Beginning with the line that holds "Group Of Four", output every remaining line of the material below exactly, and include none of the pictures.
··· Data
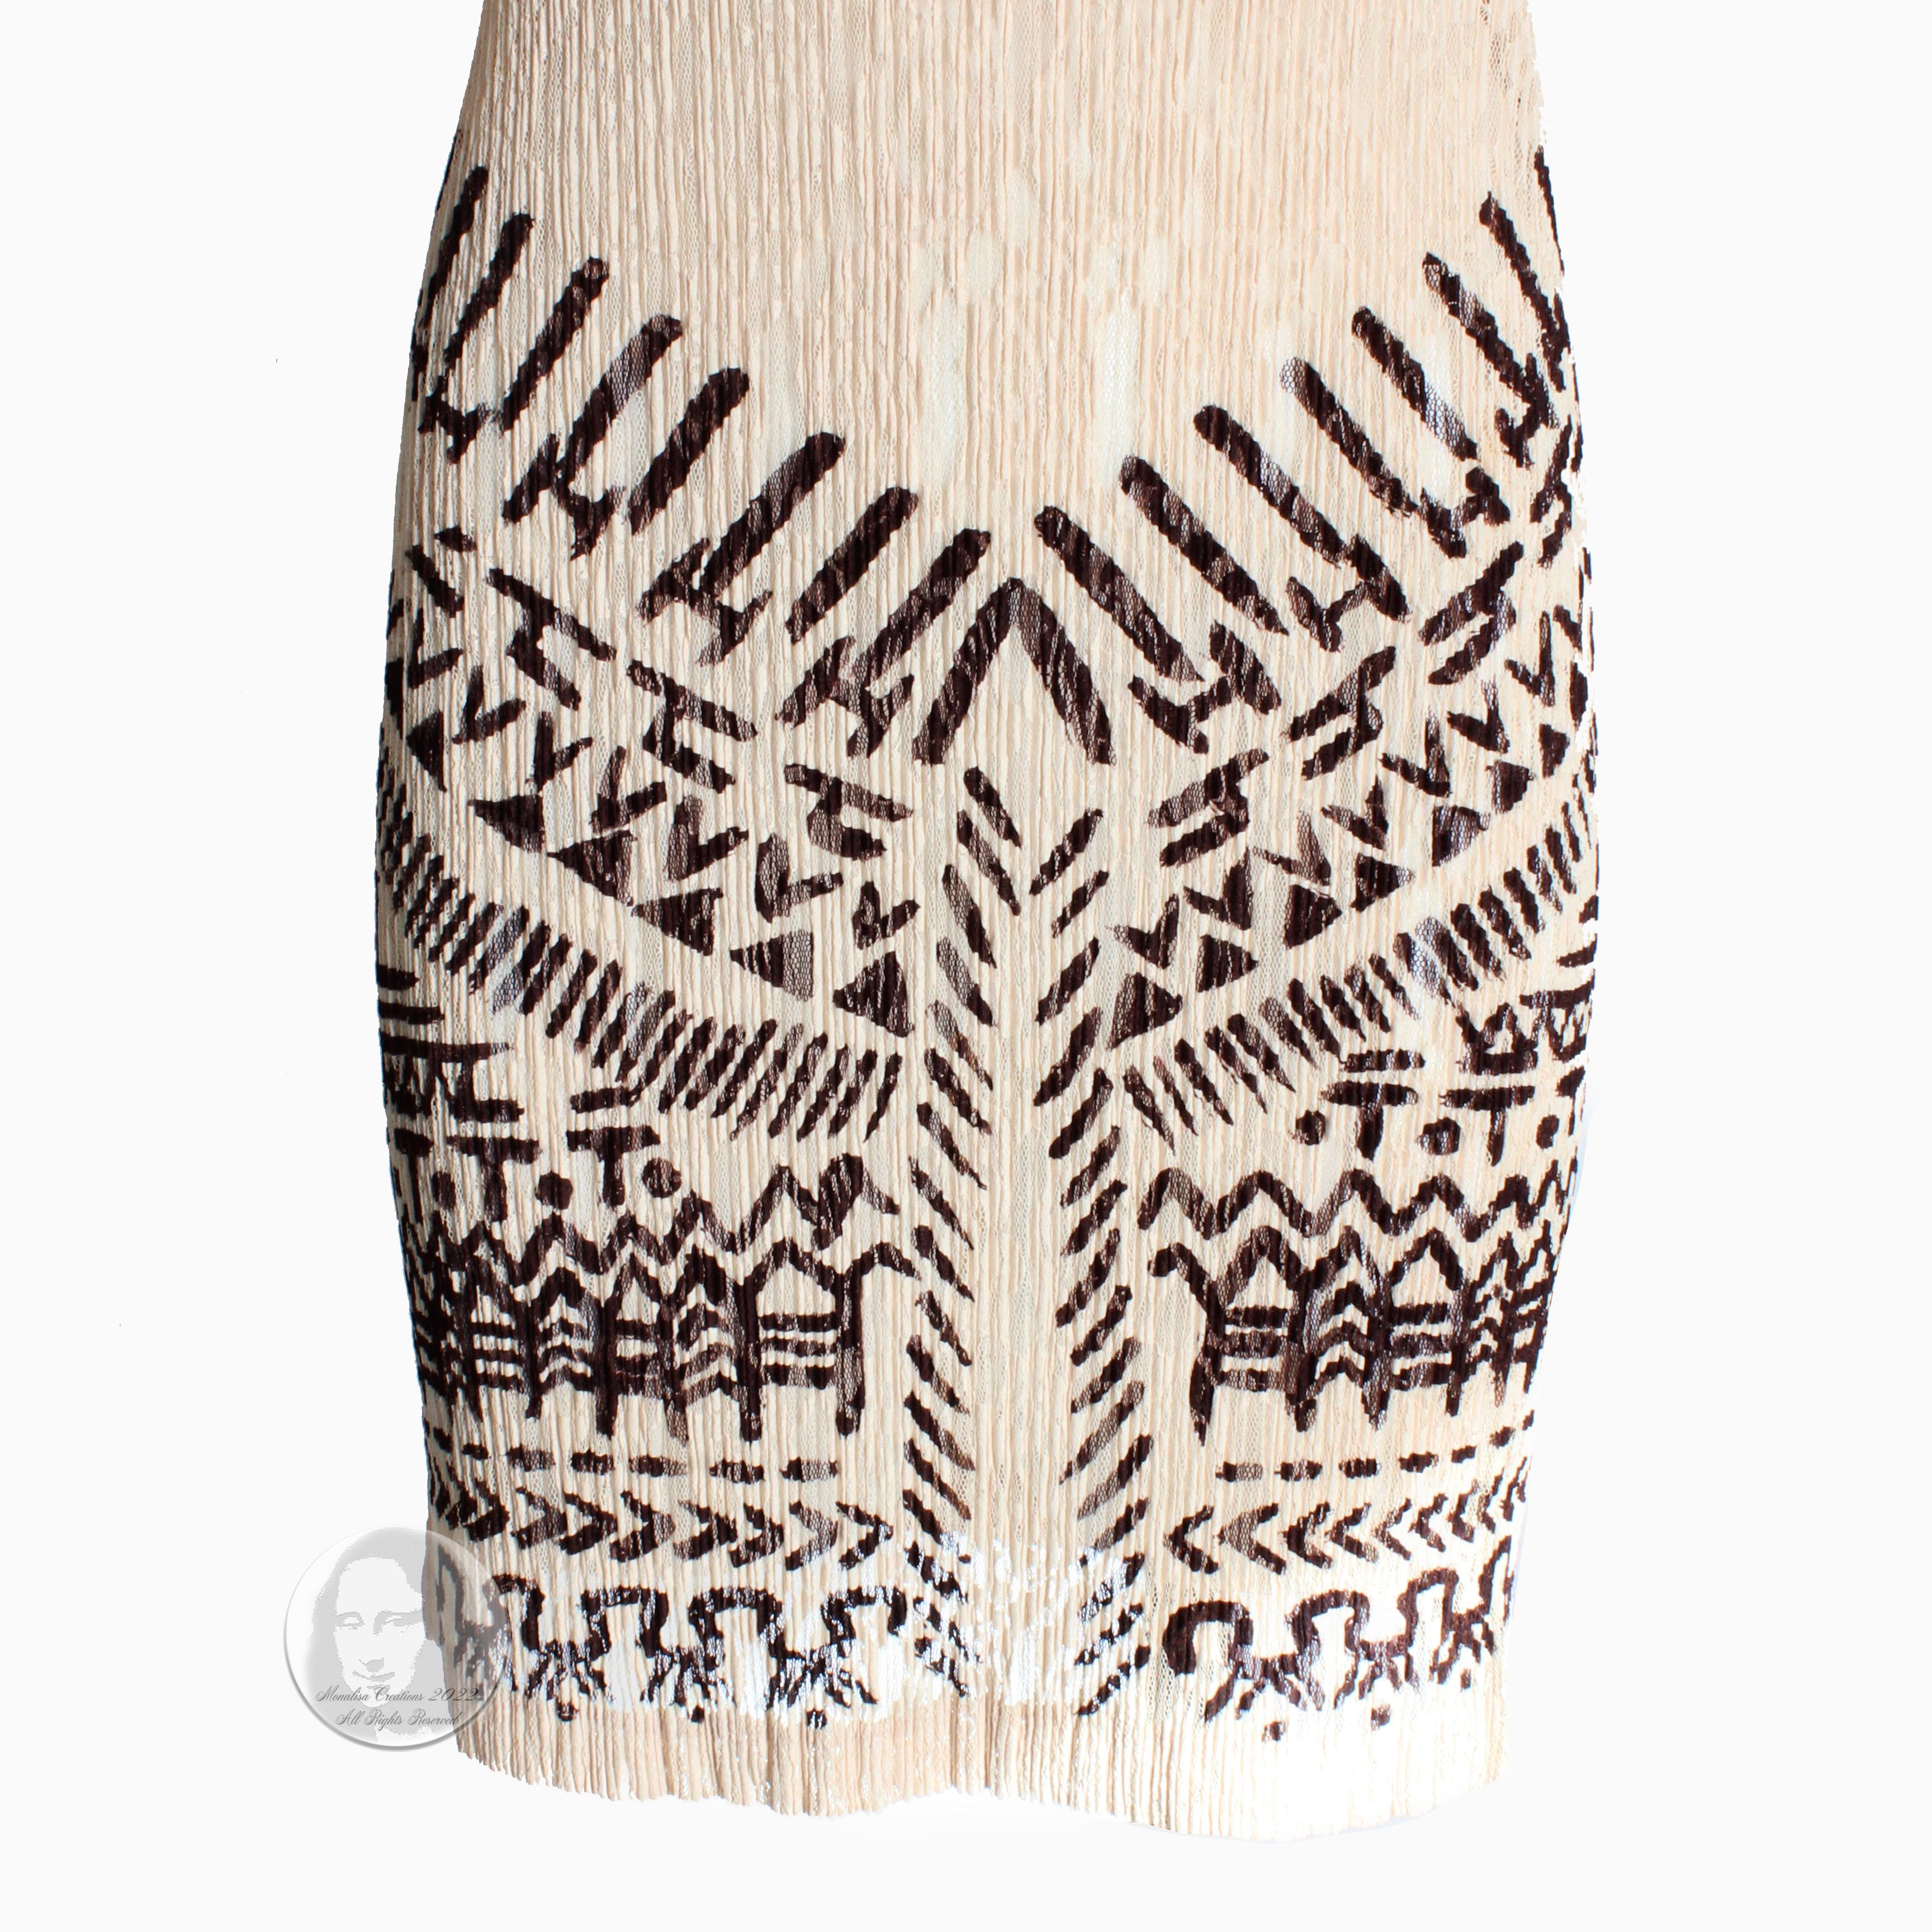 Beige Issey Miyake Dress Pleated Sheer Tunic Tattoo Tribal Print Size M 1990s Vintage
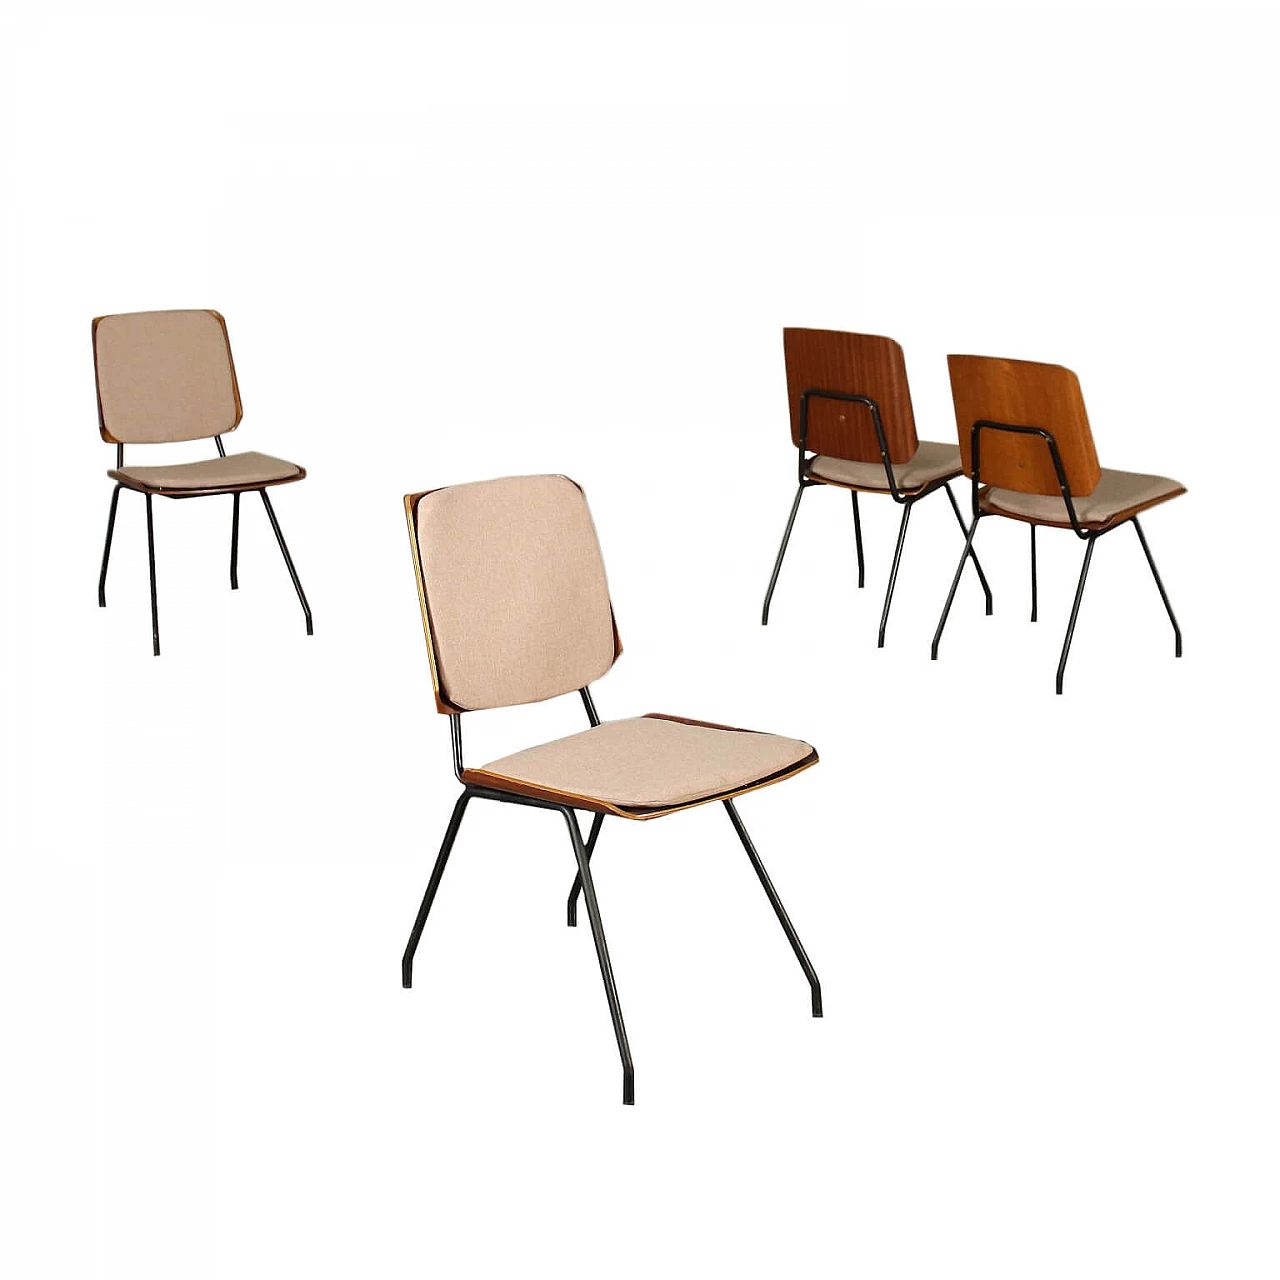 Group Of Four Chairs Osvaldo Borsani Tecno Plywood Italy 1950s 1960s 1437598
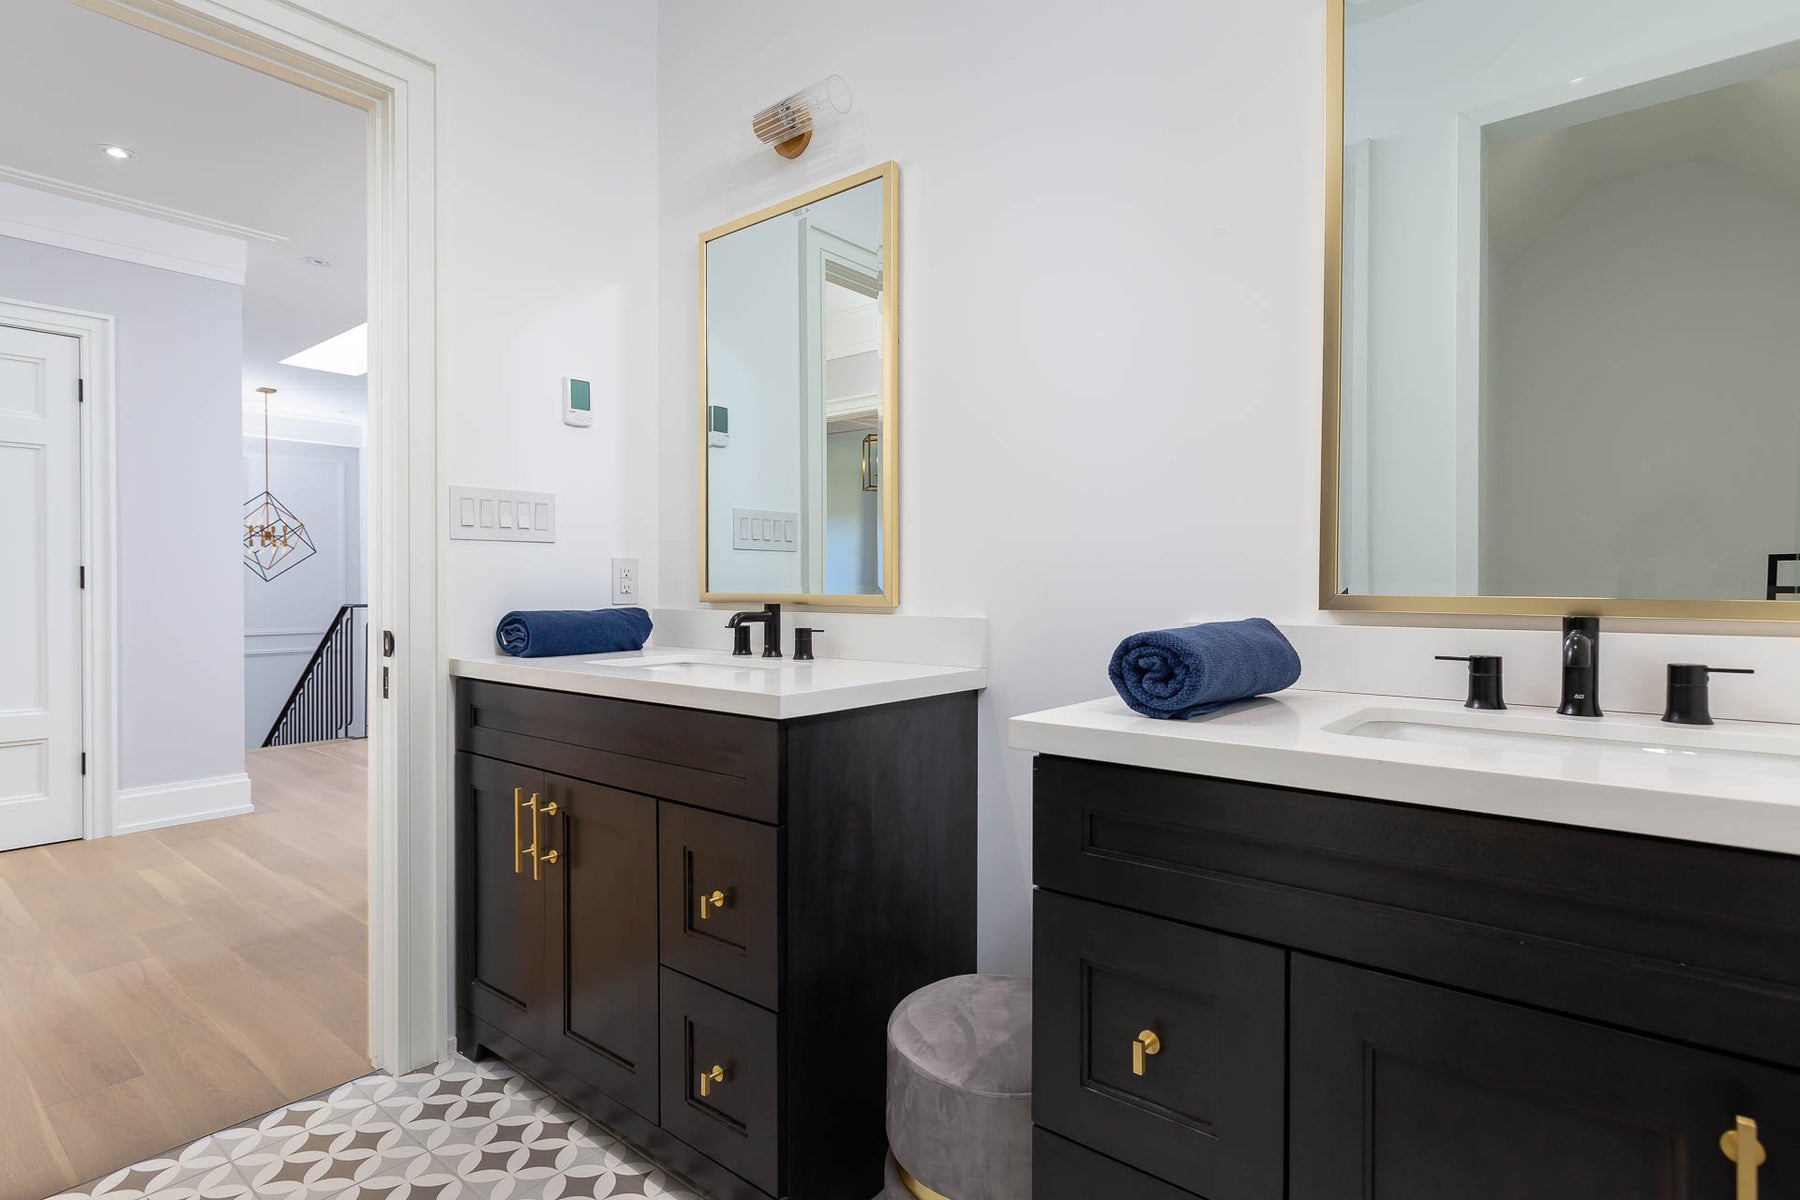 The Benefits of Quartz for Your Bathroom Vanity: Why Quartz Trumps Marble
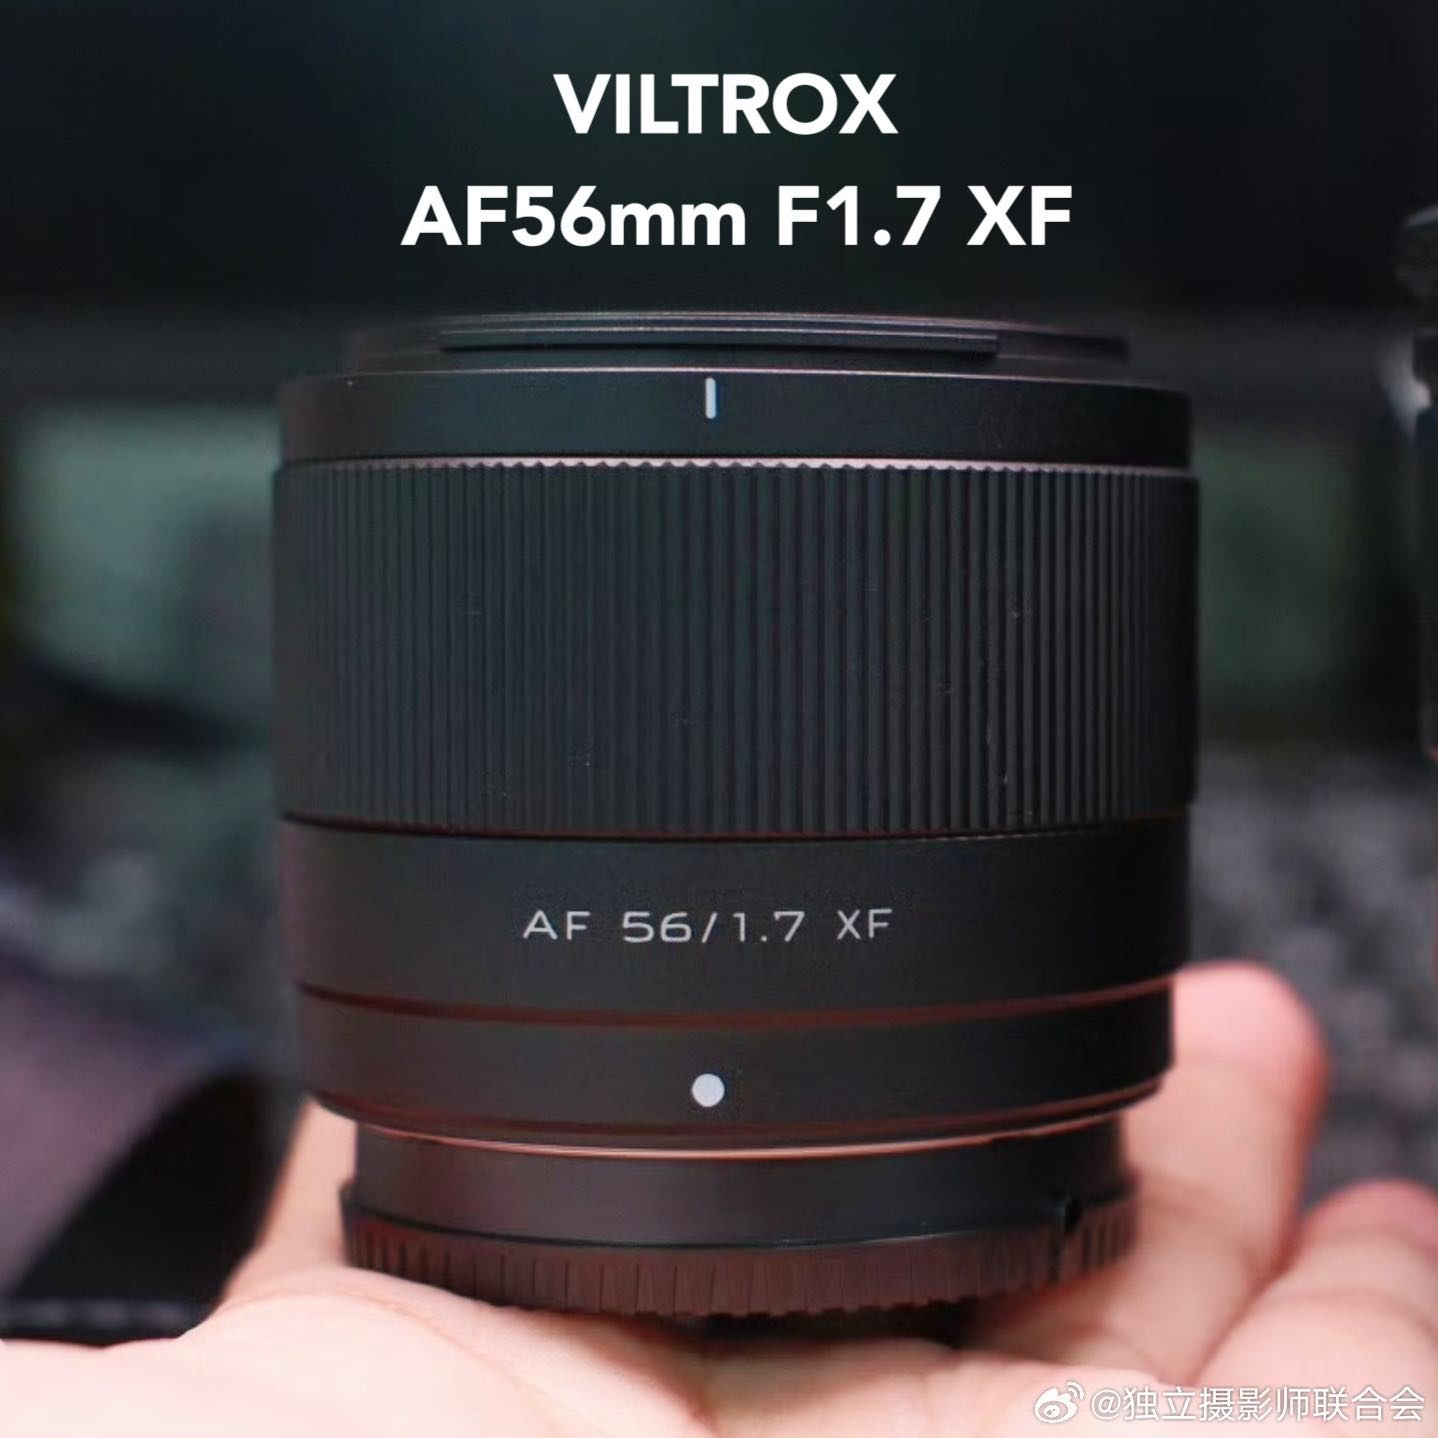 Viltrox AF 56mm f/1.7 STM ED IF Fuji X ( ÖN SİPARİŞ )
······
Result:
 Group Of Four Chairs Osvaldo Borsani Tecno Plywood Italy 1950s 1960s 1437598
 The Benefits of Quartz for Your Bathroom Vanity: Why Quartz Trumps Marble
 Viltrox AF 56mm f/1.7 STM ED IF Fuji X ( ÖN SİPARİŞ )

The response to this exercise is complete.